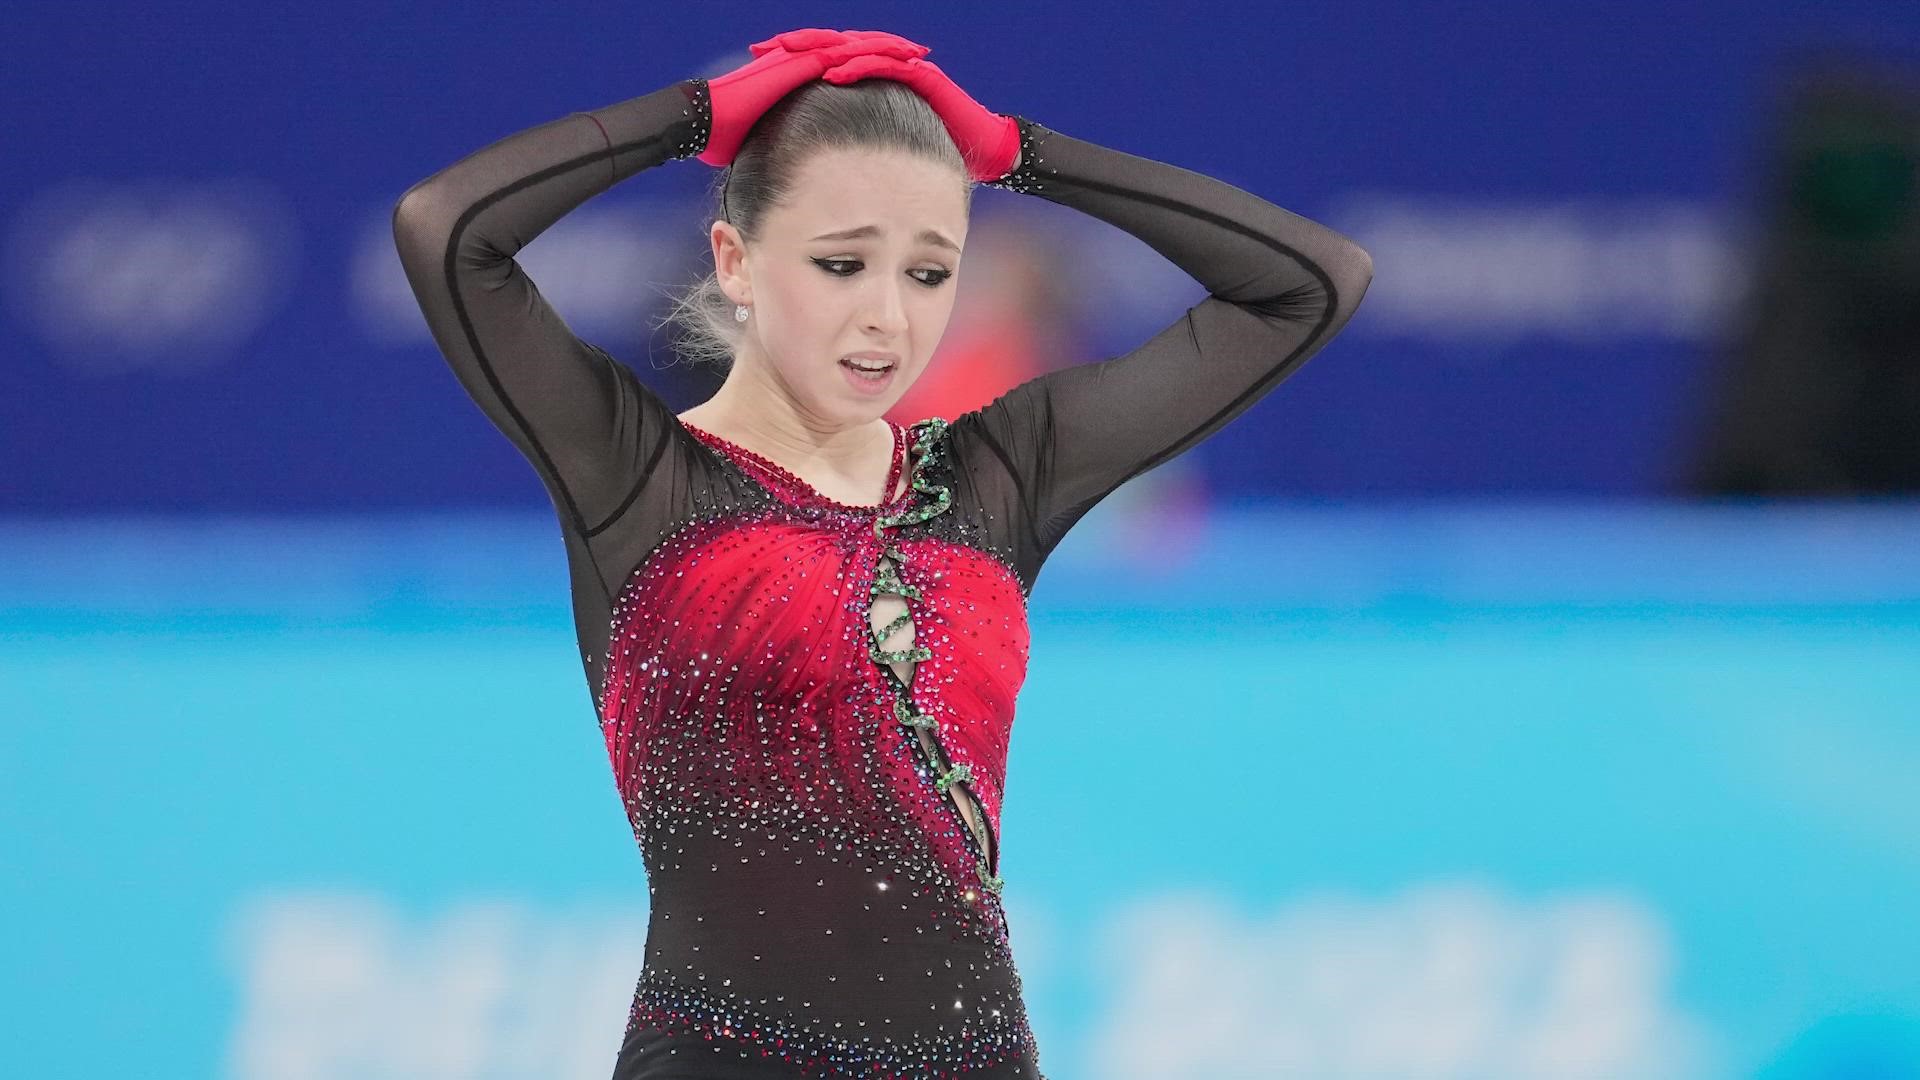 Will Kamila Valieva be able to compete in individual events in Beijing? Here's what we know so far.
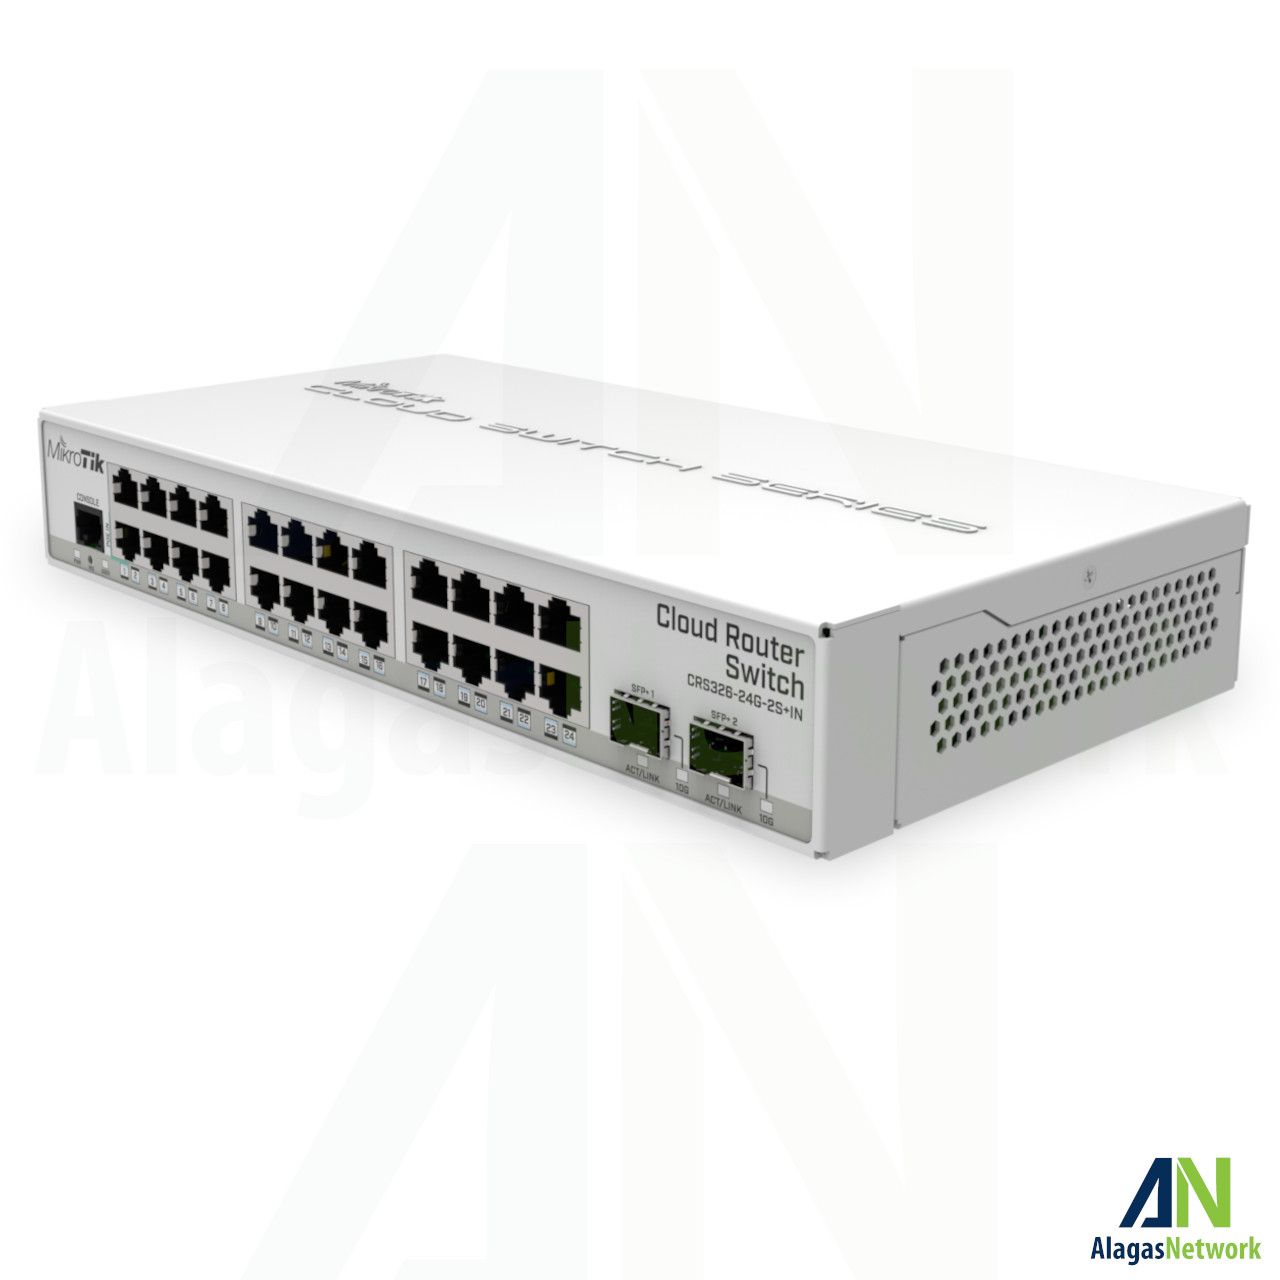 Cloud Router Switch 326-24G-2S+IN
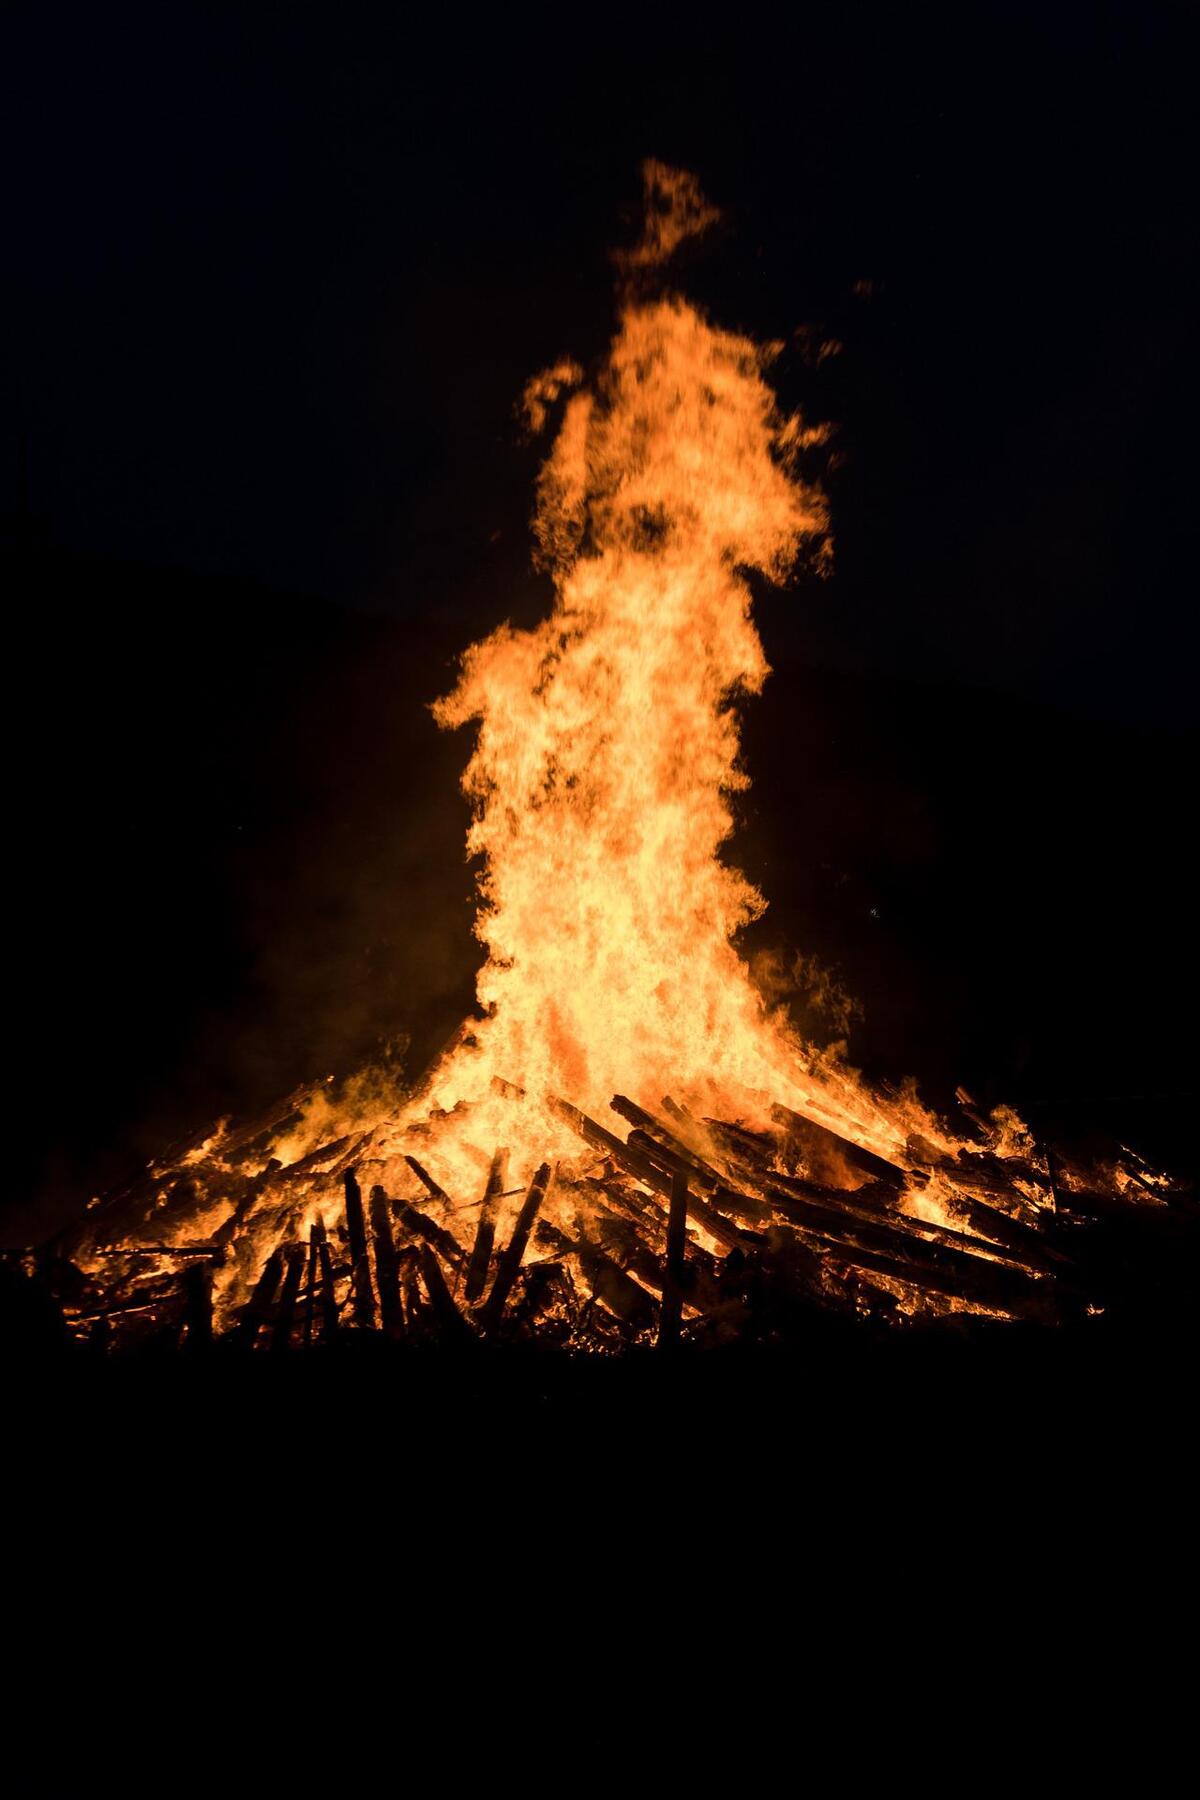 loderndes Lagerfeuer
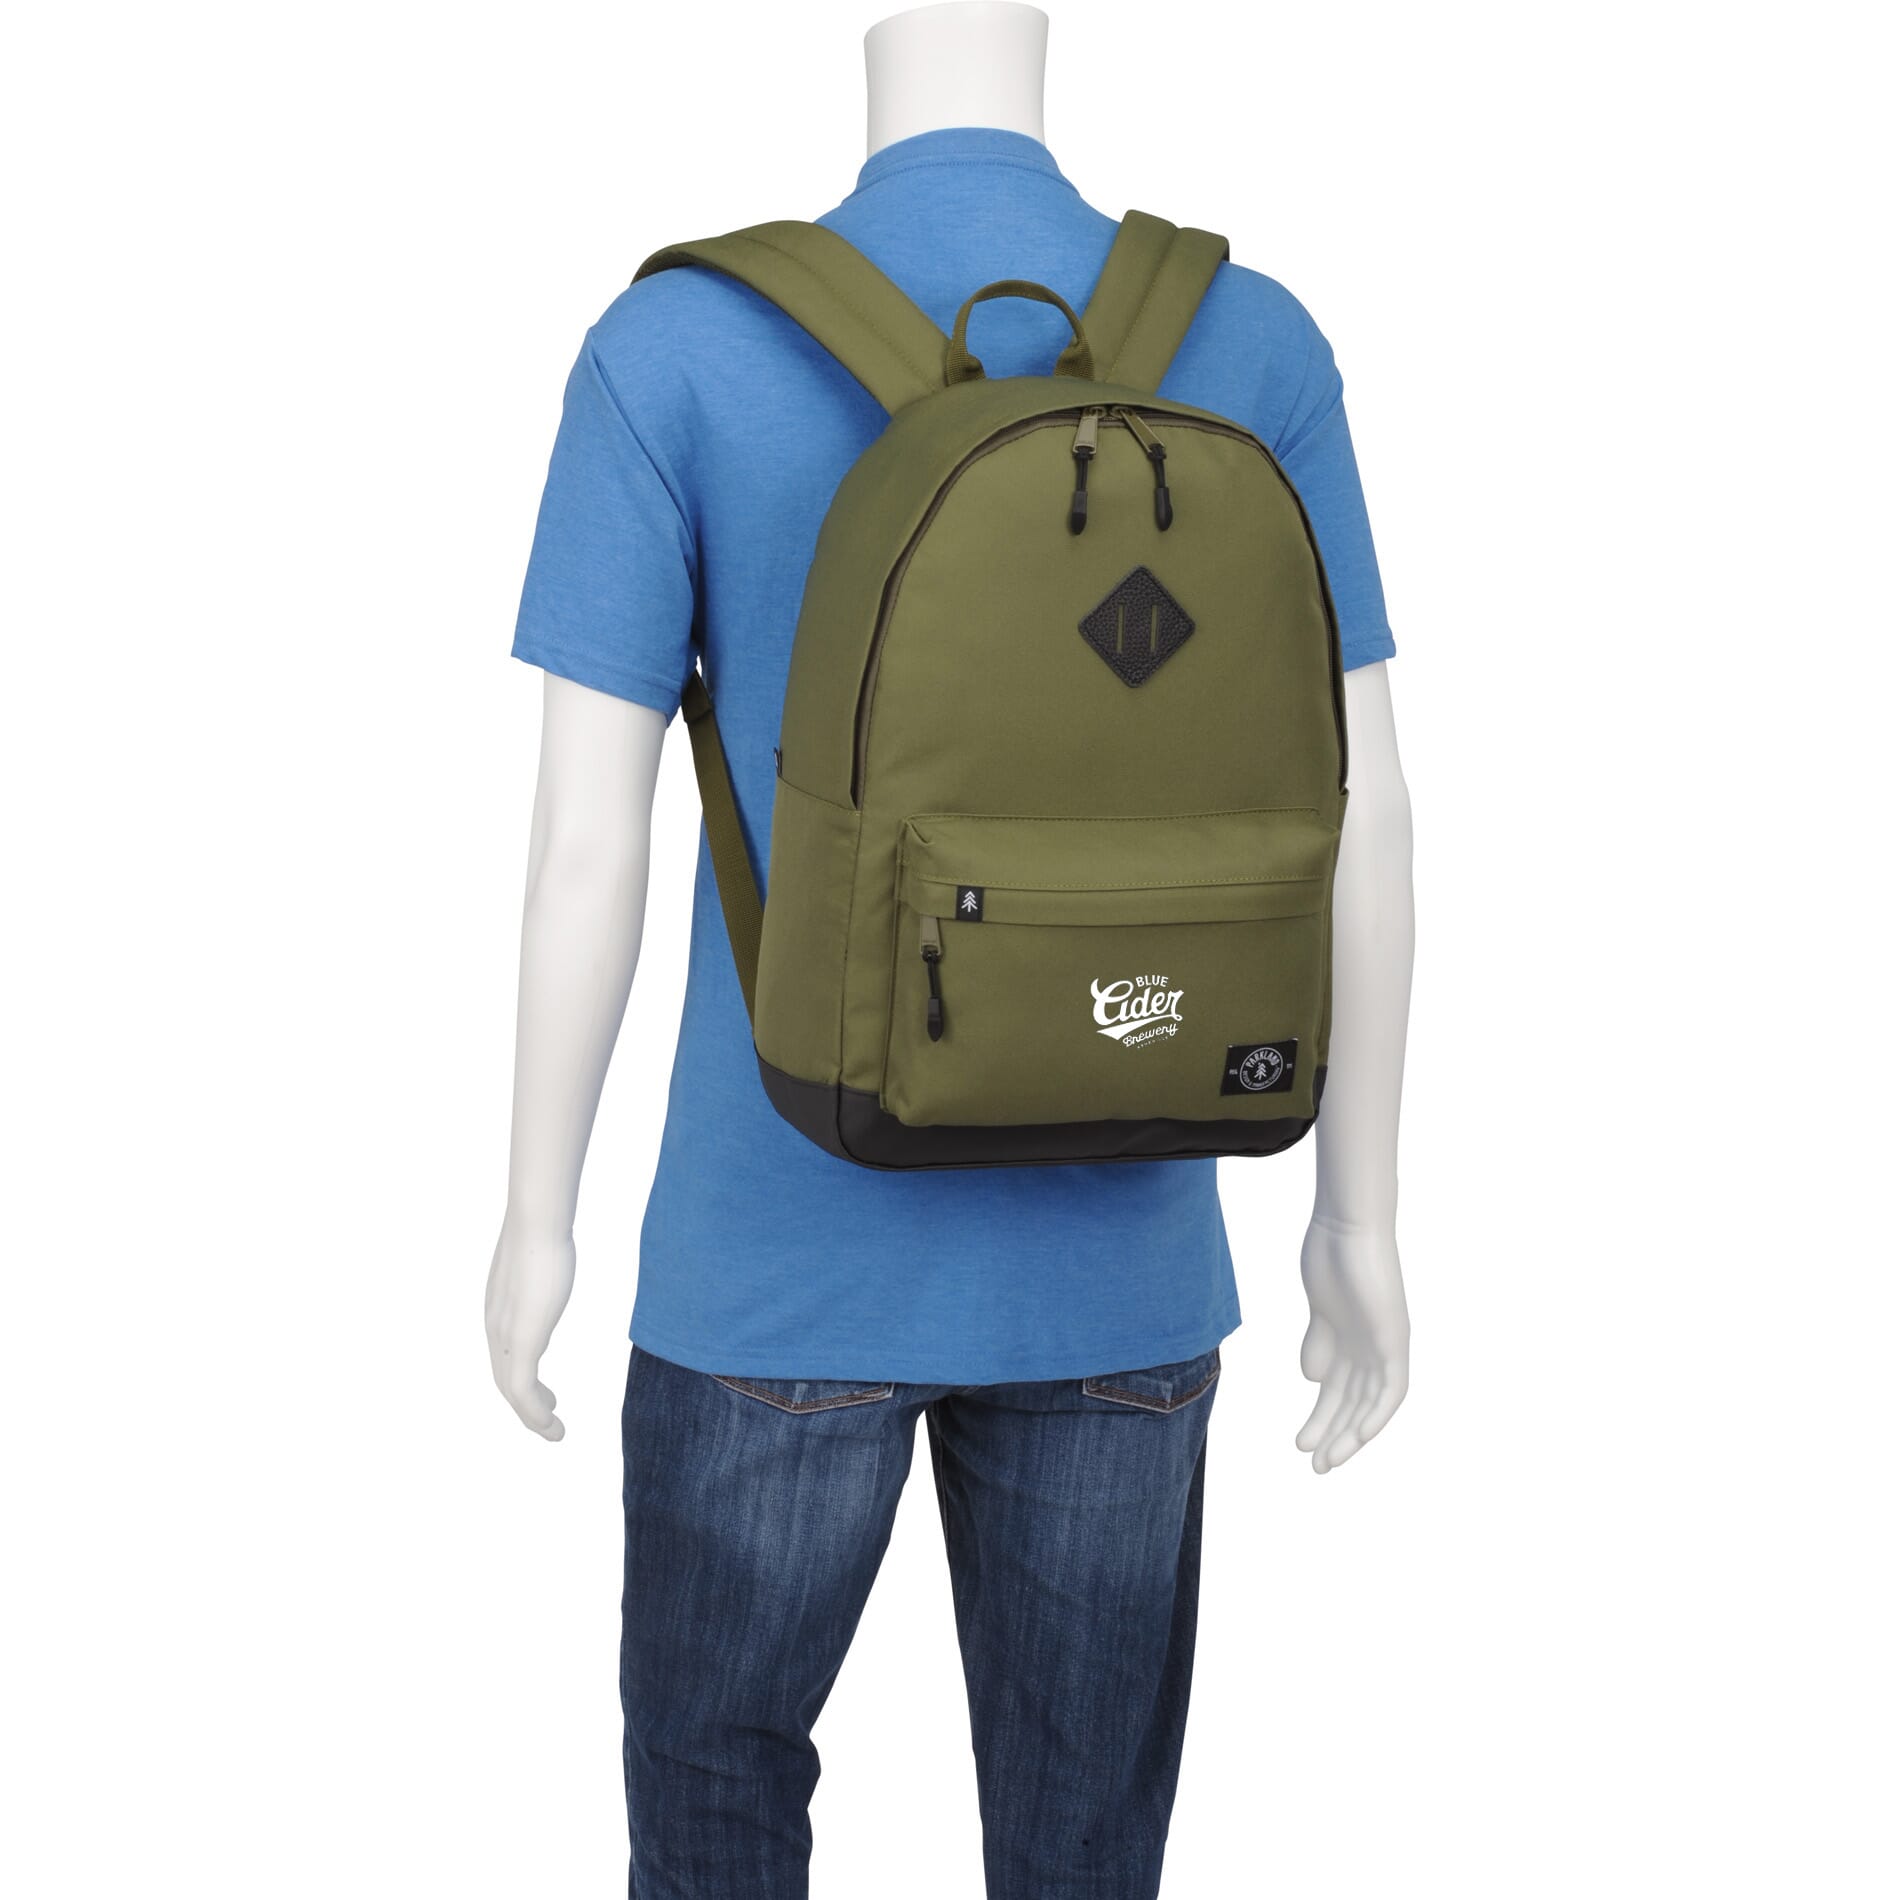 Promo Product Review: Parkland Kingston Plus 15 Computer Backpack

▶ WORK REQUEST
None of the pictures should be carried over when the data above is transcribed exactly.

▶ OUTPUT
 Will Kamila Valieva be able to compete in individual events in Beijing? Here's what we know so far.
 Cloud Router Switch 326-24G-2S+IN
 loderndes Lagerfeuer
 Promo Product Review: Parkland Kingston Plus 15 Computer Backpack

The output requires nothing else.